- **INFORMATION GIVEN**:
· · · · · · ·
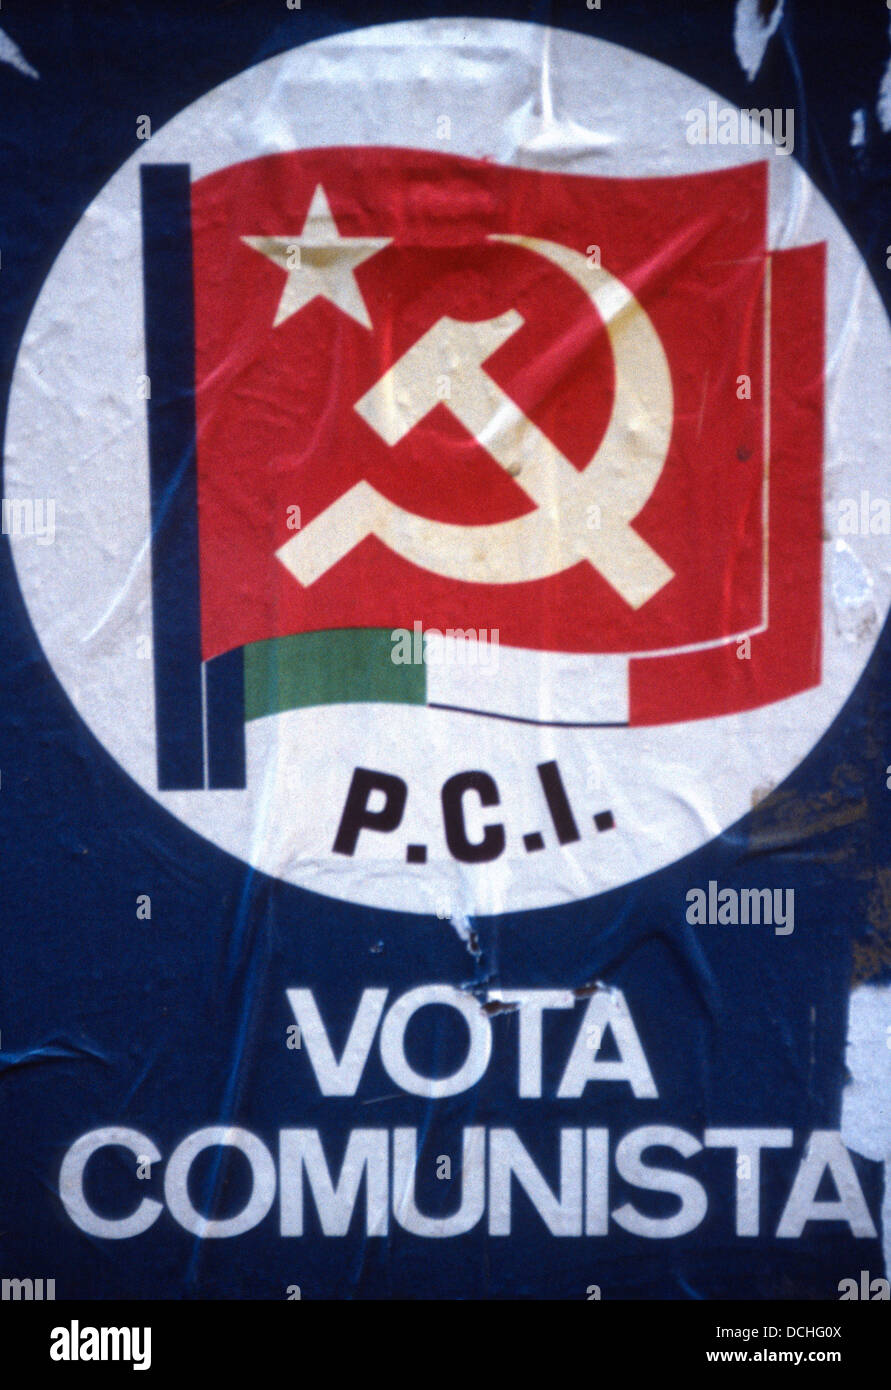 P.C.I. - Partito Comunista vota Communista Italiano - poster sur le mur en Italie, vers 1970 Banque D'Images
· · · · · · ·
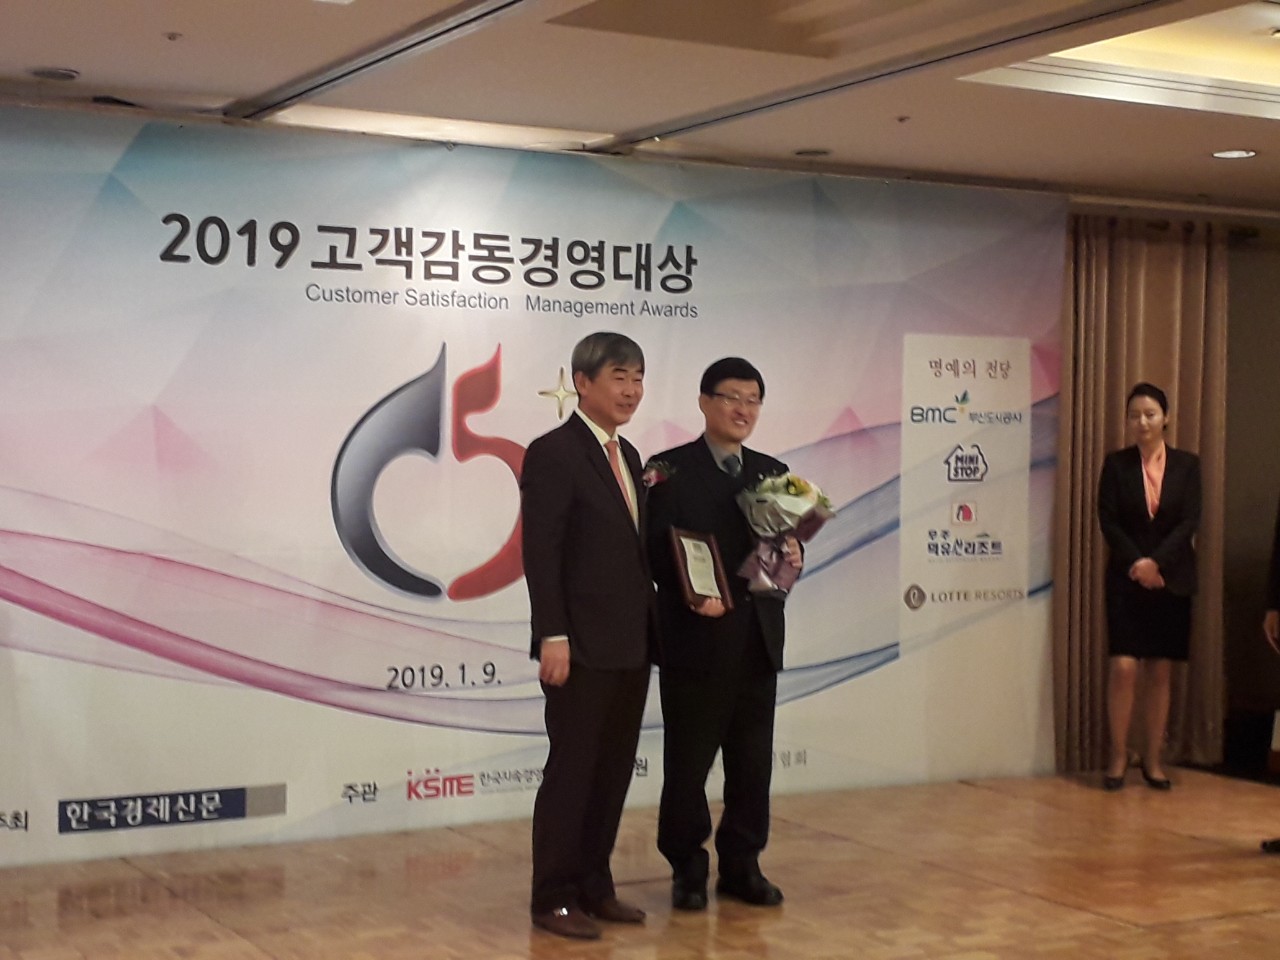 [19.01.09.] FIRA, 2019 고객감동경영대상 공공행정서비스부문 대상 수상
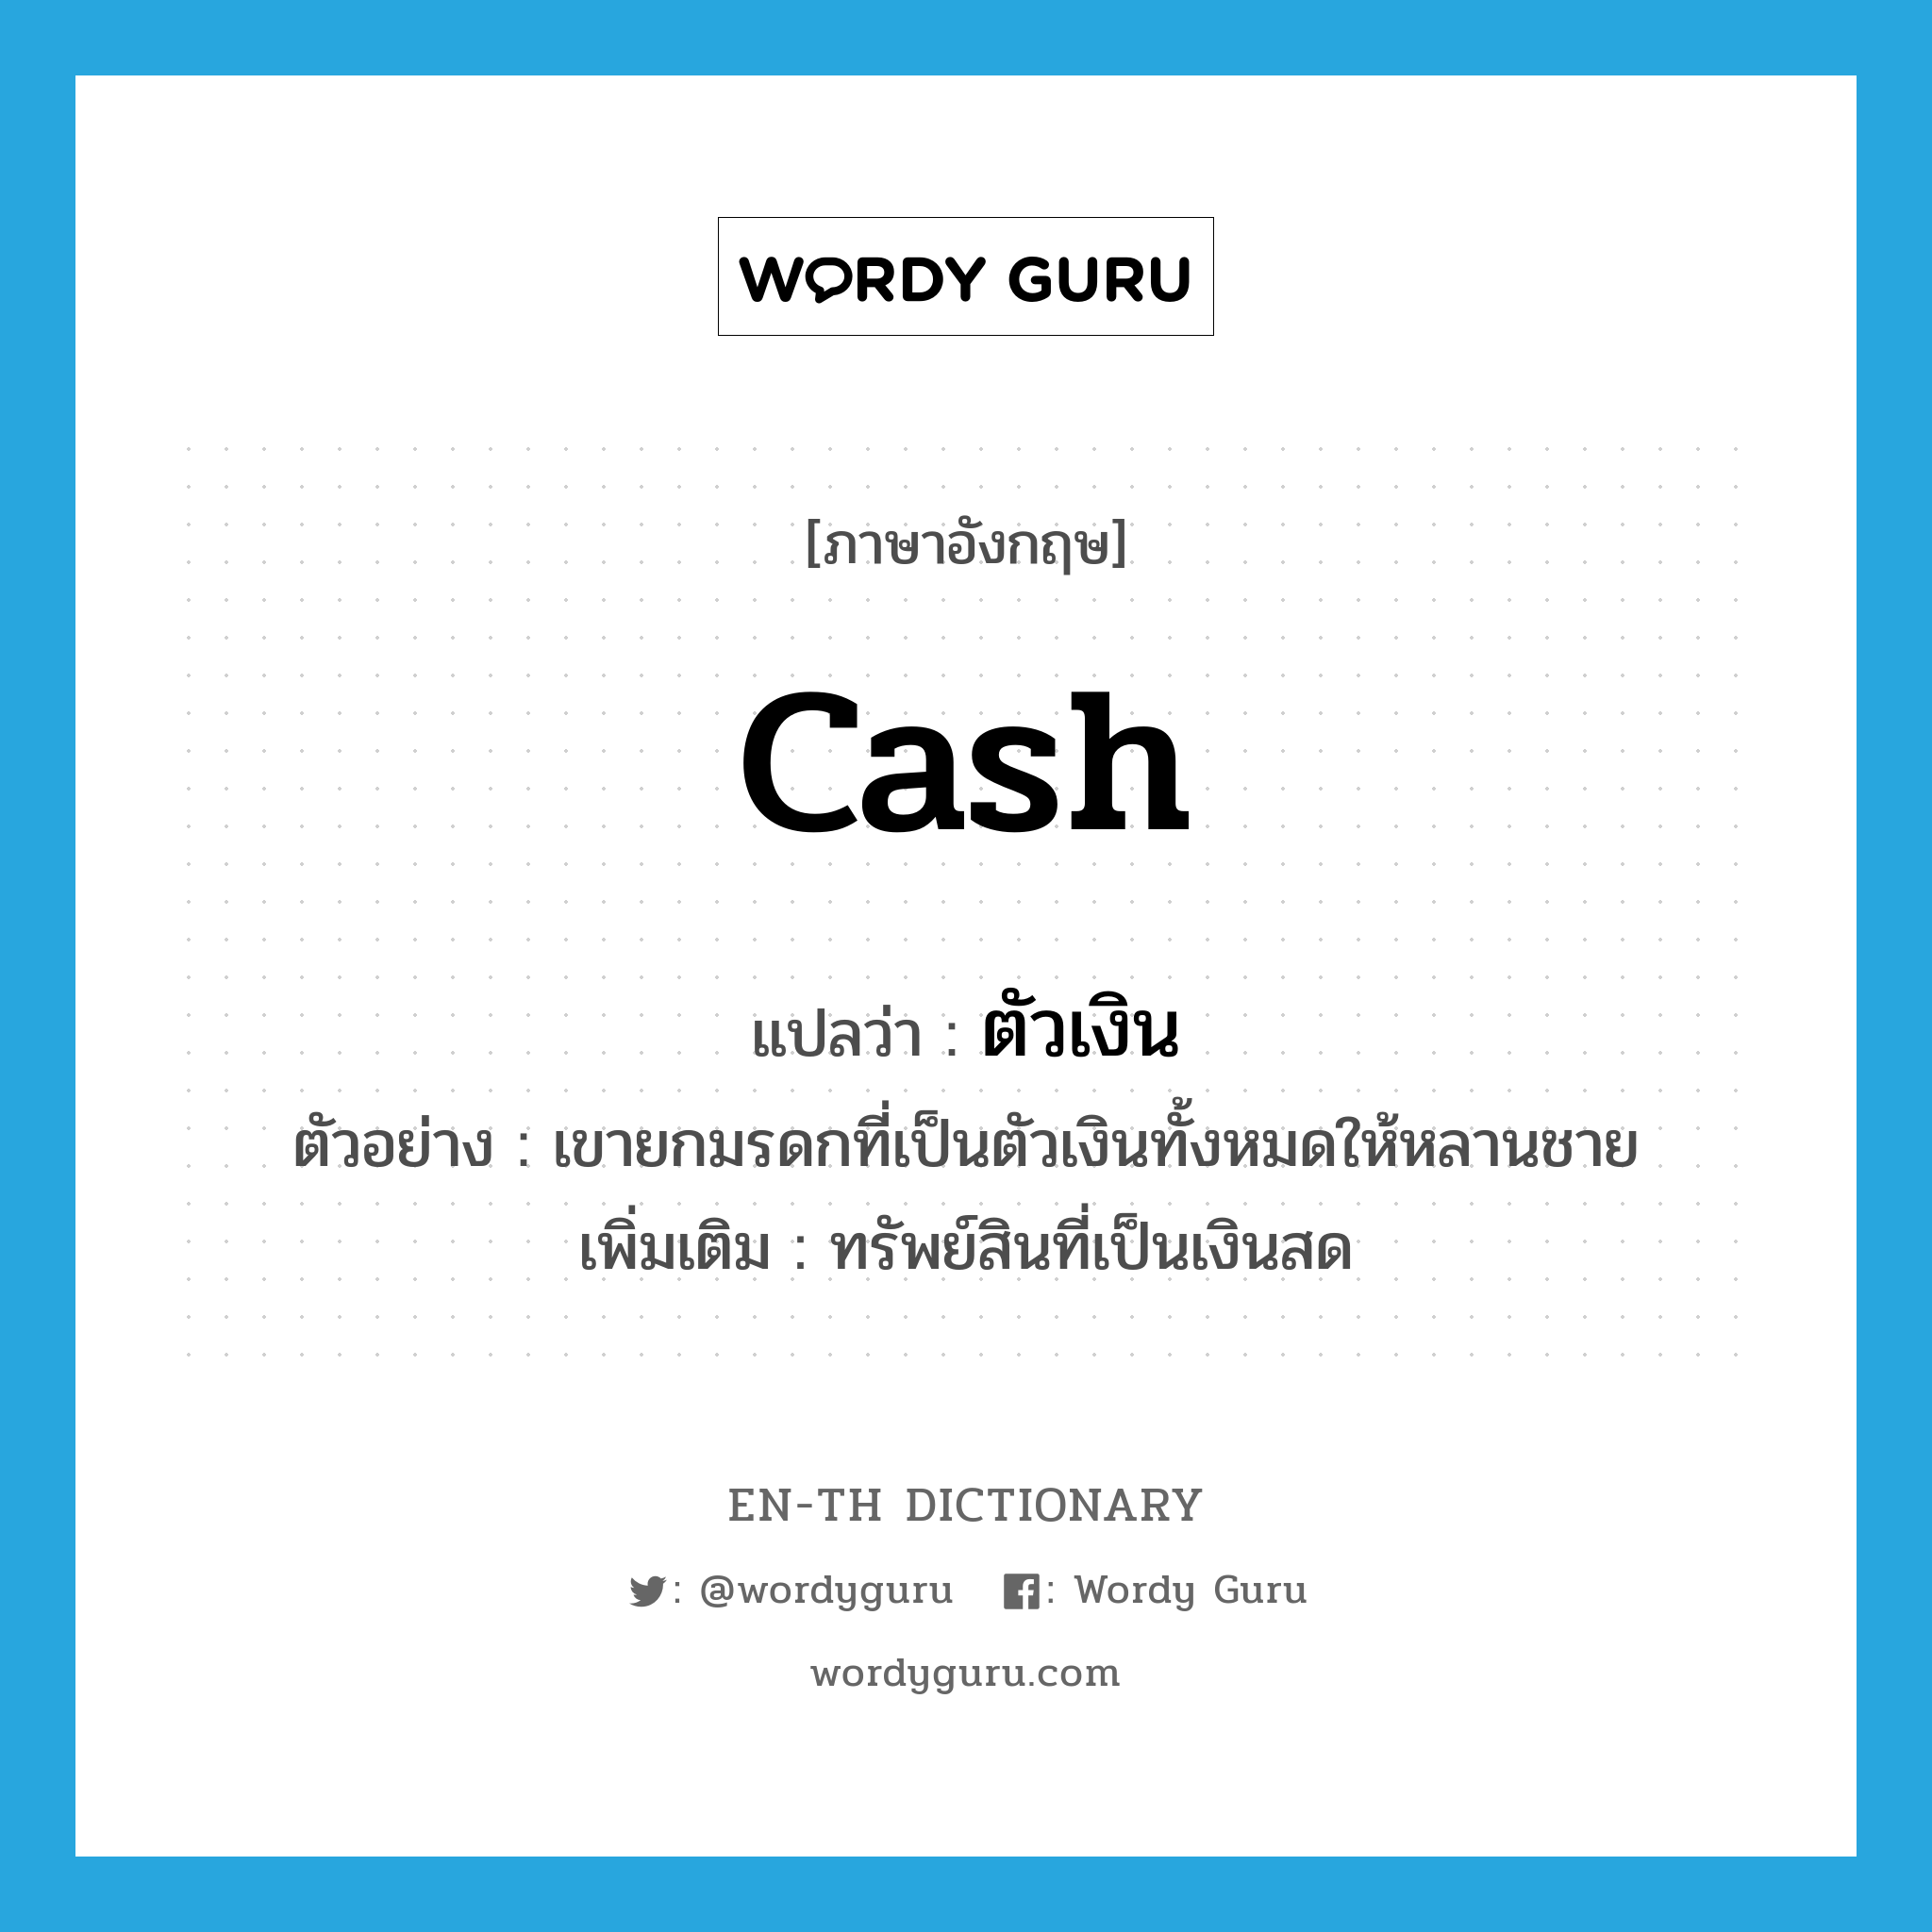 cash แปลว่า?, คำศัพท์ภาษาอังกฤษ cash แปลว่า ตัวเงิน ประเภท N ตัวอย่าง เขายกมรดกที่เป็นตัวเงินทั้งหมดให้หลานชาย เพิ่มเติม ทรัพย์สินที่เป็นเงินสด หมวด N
· · · · · · ·
- **WHAT TO WORK ON**: Output exactly the lines above, from the line with "[19.01.09.] FIRA, 2019" to the line with "cash แปลว่า?, คำศัพท์ภาษาอังกฤษ", both included; skip the pictures.

- **PROBLEM SOLUTION**:
 [19.01.09.] FIRA, 2019 고객감동경영대상 공공행정서비스부문 대상 수상
 cash แปลว่า?, คำศัพท์ภาษาอังกฤษ cash แปลว่า ตัวเงิน ประเภท N ตัวอย่าง เขายกมรดกที่เป็นตัวเงินทั้งหมดให้หลานชาย เพิ่มเติม ทรัพย์สินที่เป็นเงินสด หมวด N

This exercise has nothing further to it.